Most signal and data from nature have nonnegative values and can be explained and
reconstructed by constructive models. By the constructive models, only the additive
combination is allowed and it does not result in subtraction of parts. The compositional
models include dictionary learning, exemplar-based approaches, and nonnegative
matrix factorization (NMF). Compositional models are desirable in many areas
including image or visual signal processing, text information processing, audio signal
processing, and music information retrieval. In this dissertation, we choose NMF for
compositional models and NMF-based target source separation is performed for the
application.
The target source separation is the extraction or reconstruction of the target
signals in the mixture signals which consists with the target and interfering signals.
The target source separation can be thought as blind source separation (BSS).
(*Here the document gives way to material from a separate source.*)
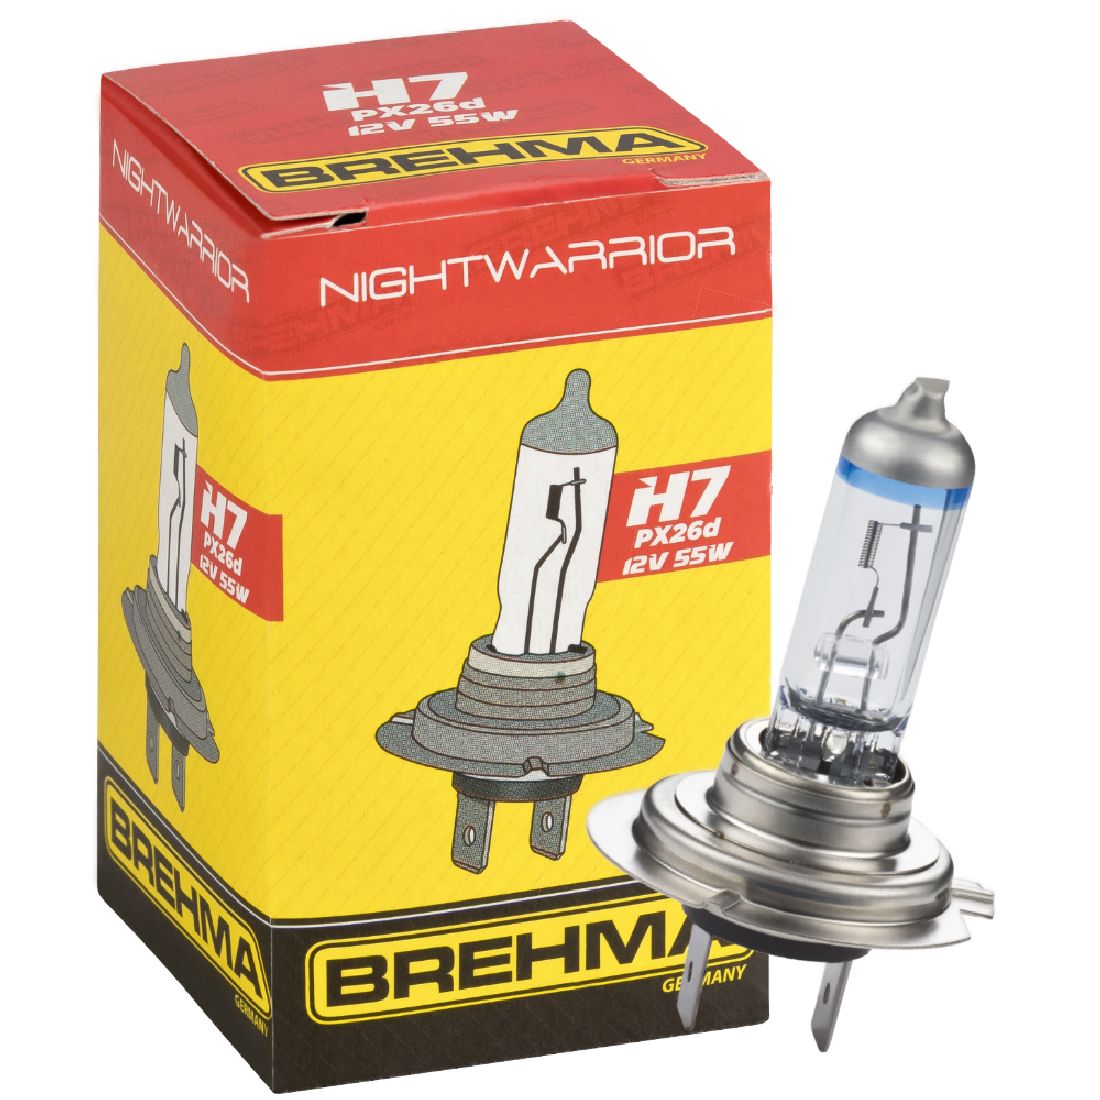 Auto-Lampen-Discount - H7 Lampen und mehr günstig kaufen - Duo Set BREHMA H7  12V 55W NightWarrior Lampe +120% mehr Licht

BSS
aims that the original unknown source signals are extracted without knowing or
with very limited information. However, in these days, much of prior information is
frequently utilized, and various approaches have been proposed for single channel
source separation.
NMF basically approximates a nonnegative data matrix V with a product of nonnegative basis and encoding matrices W and H, i.e., V WH. Since both W
and H are nonnegative, NMF often leads to a part based representation of the data.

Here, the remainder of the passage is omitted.